▶ Exercise
The response should contain all of the data below, reproduced exactly, and no pictures.

▶ Available data

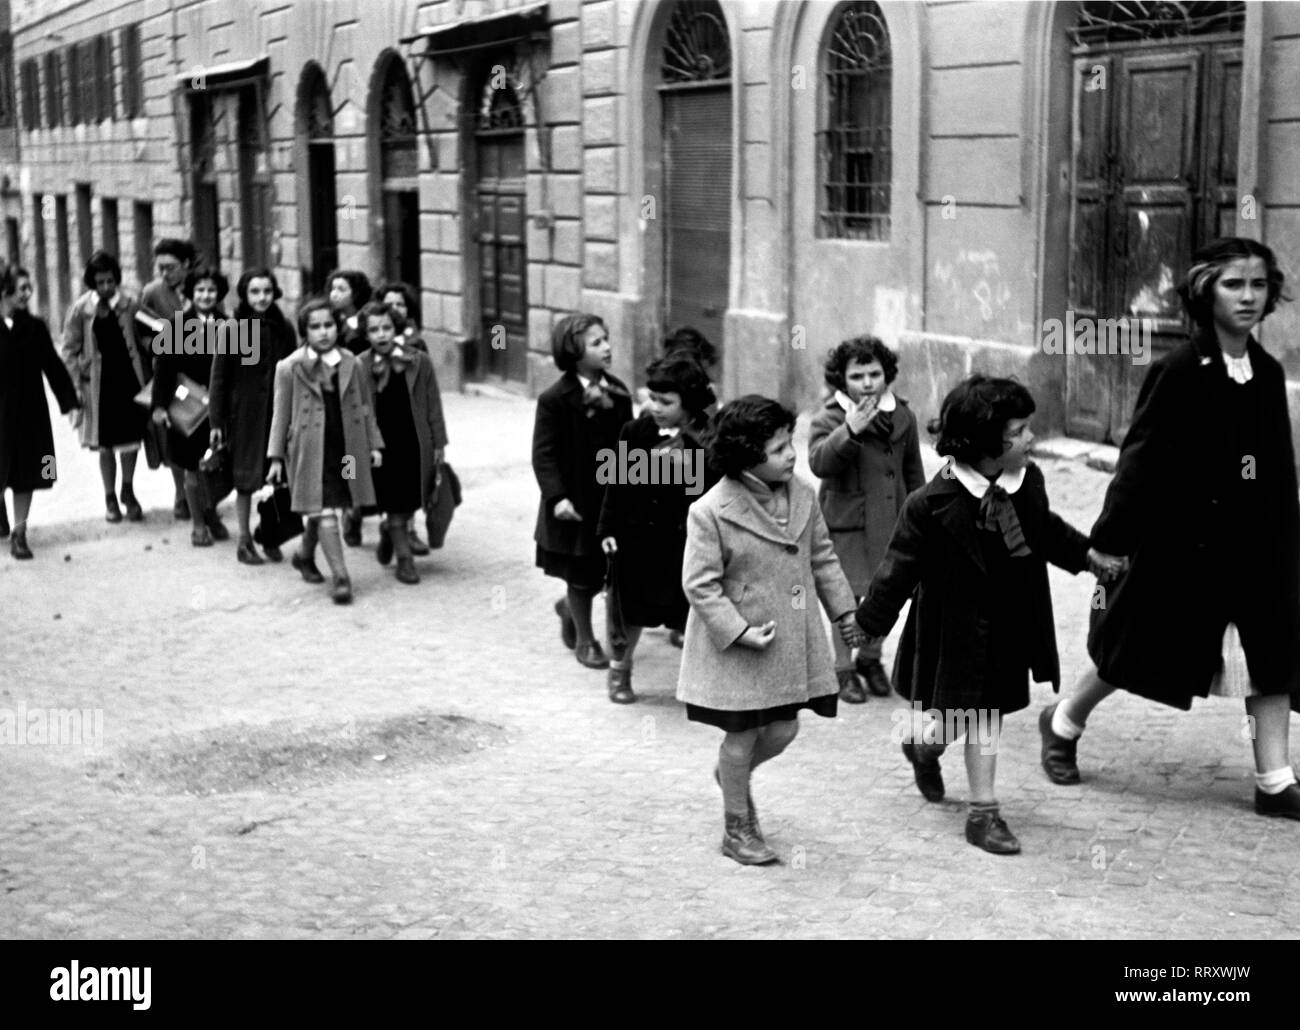 Travel to Rome - Italy - 1950s - children on the way to the school. Kinder auf ihrem Schulweg durch Rom, Italien. Photo Erich Andres Stock Photo
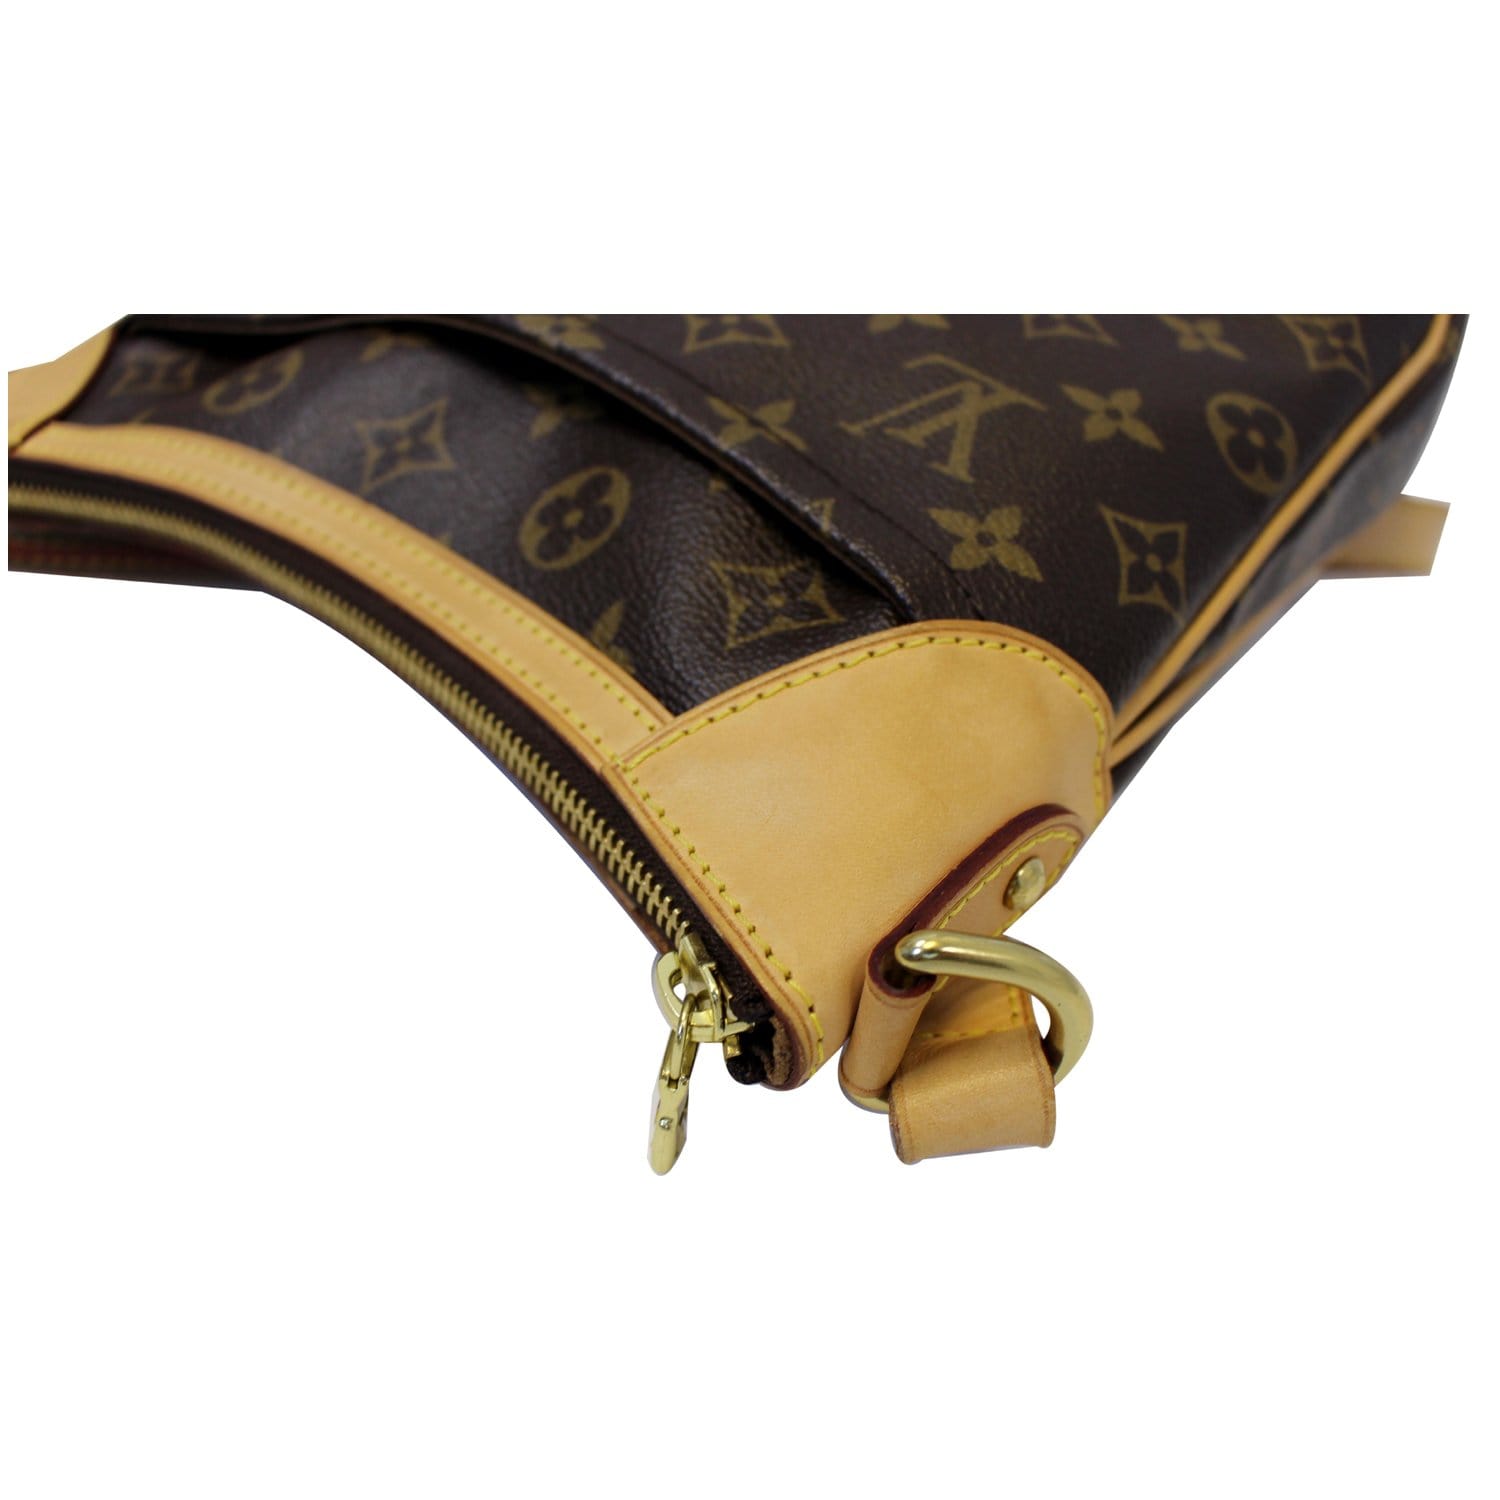 🔥 SPECIAL Louis Vuitton ODEON PM monogram NEW IN BOX, INVOICE SHIP FROM  FRANCE
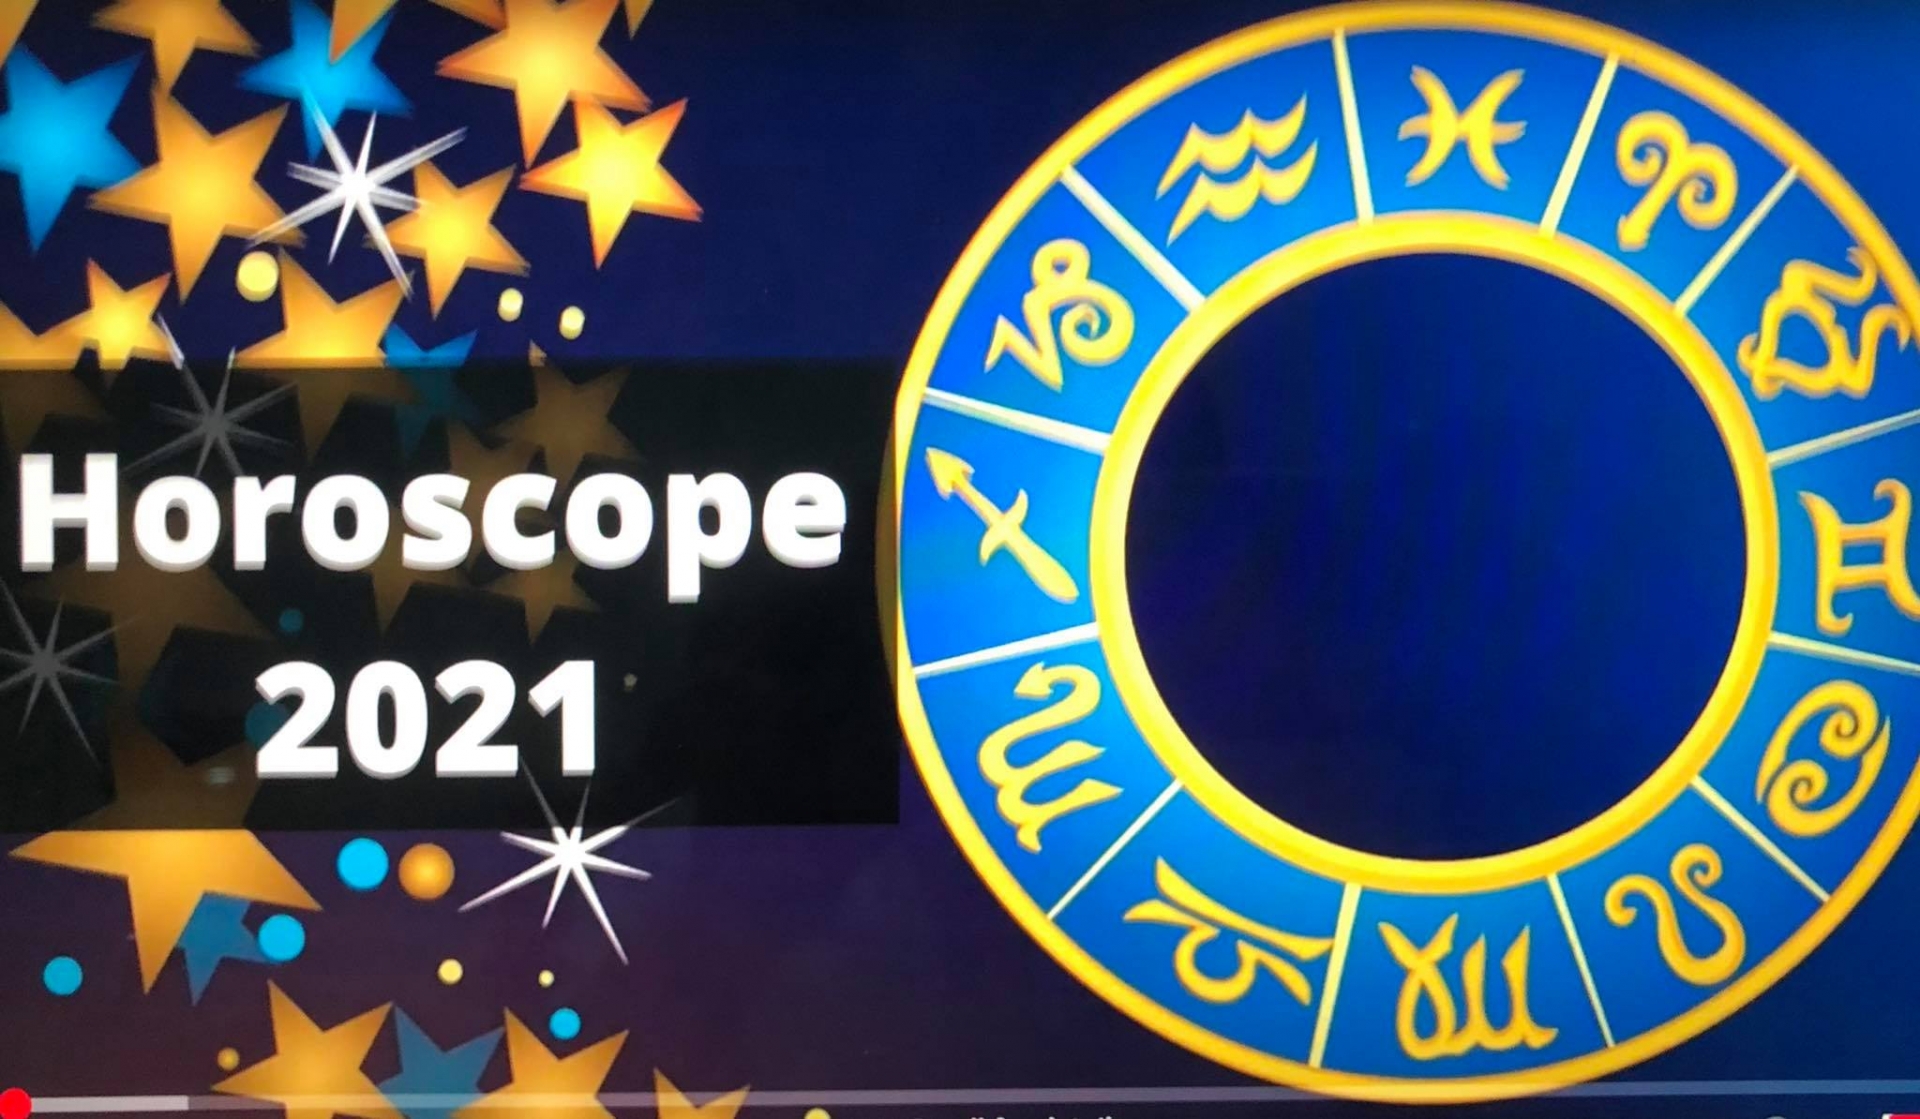 2021 Horoscopes and Astrological Prediction for all 12 Zodiac Signs in Love, Career, Money and Health
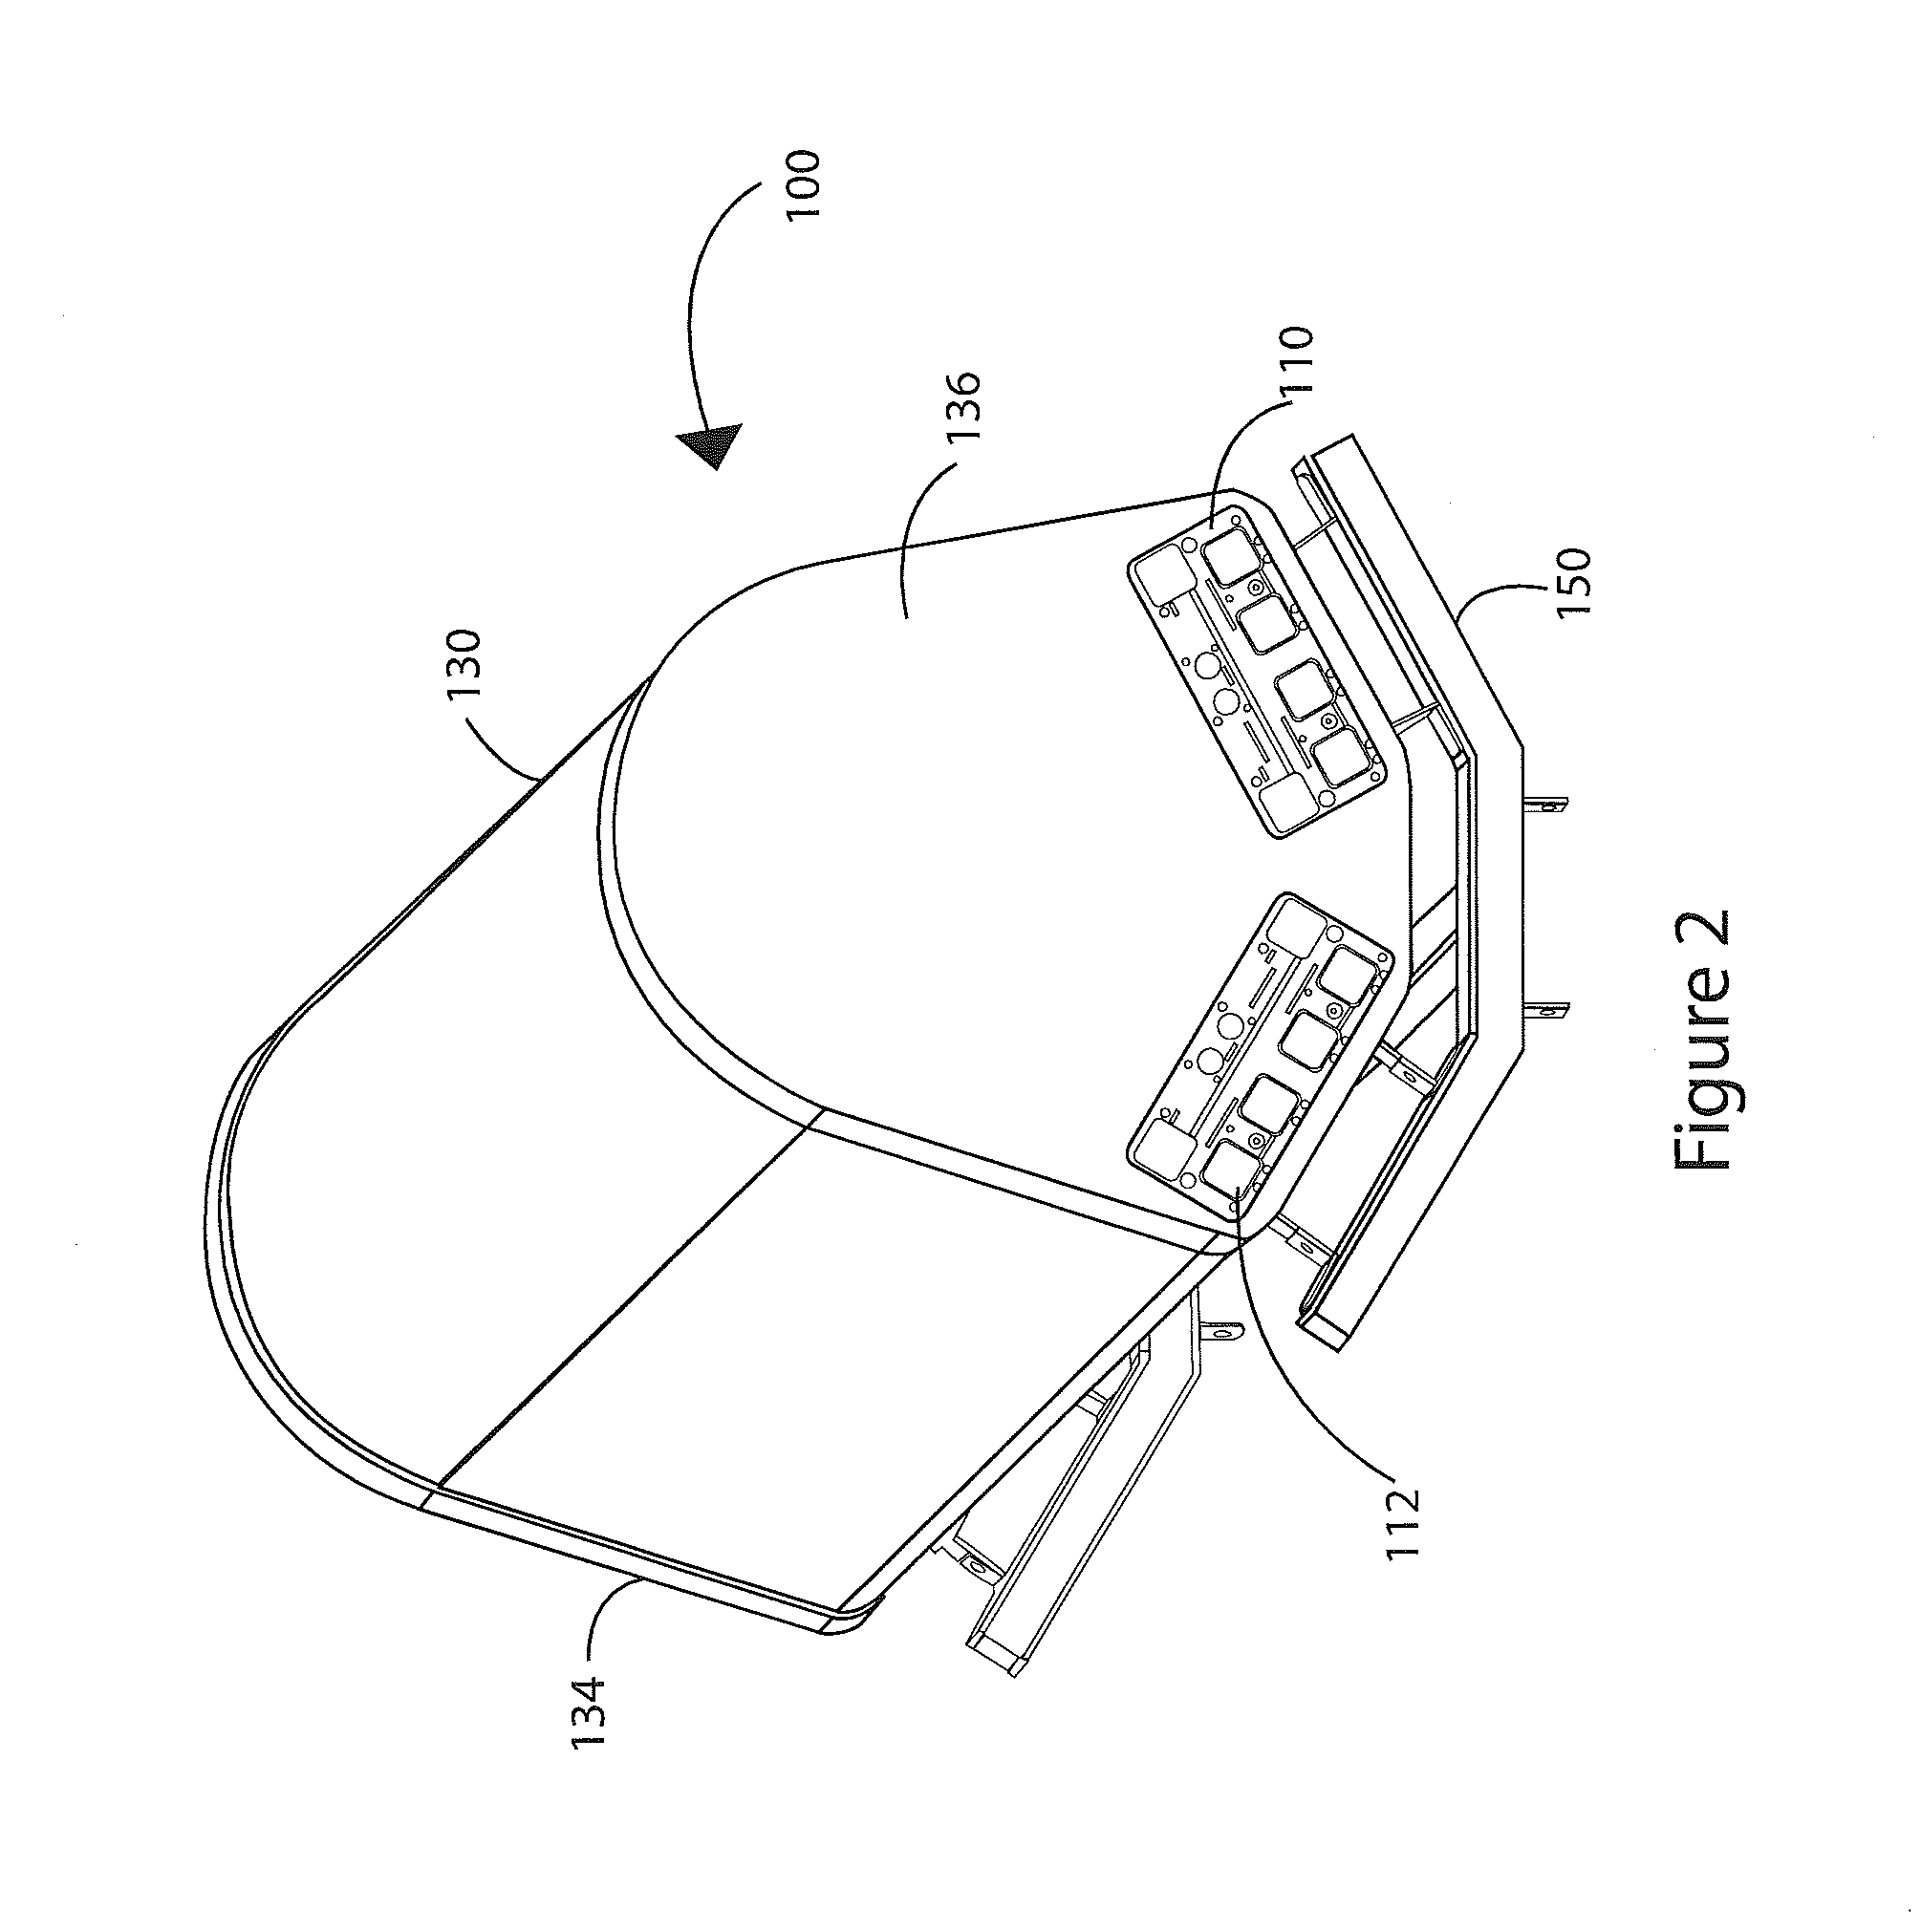 Multi-beam antenna with modular luneburg lens and method of lens manufacture

▶ Answer box
 Travel to Rome - Italy - 1950s - children on the way to the school. Kinder auf ihrem Schulweg durch Rom, Italien. Photo Erich Andres Stock Photo
 🔥 SPECIAL Louis Vuitton ODEON PM monogram NEW IN BOX, INVOICE SHIP FROM  FRANCE
 2021 Horoscopes and Astrological Prediction for all 12 Zodiac Signs in Love, Career, Money and Health
 Multi-beam antenna with modular luneburg lens and method of lens manufacture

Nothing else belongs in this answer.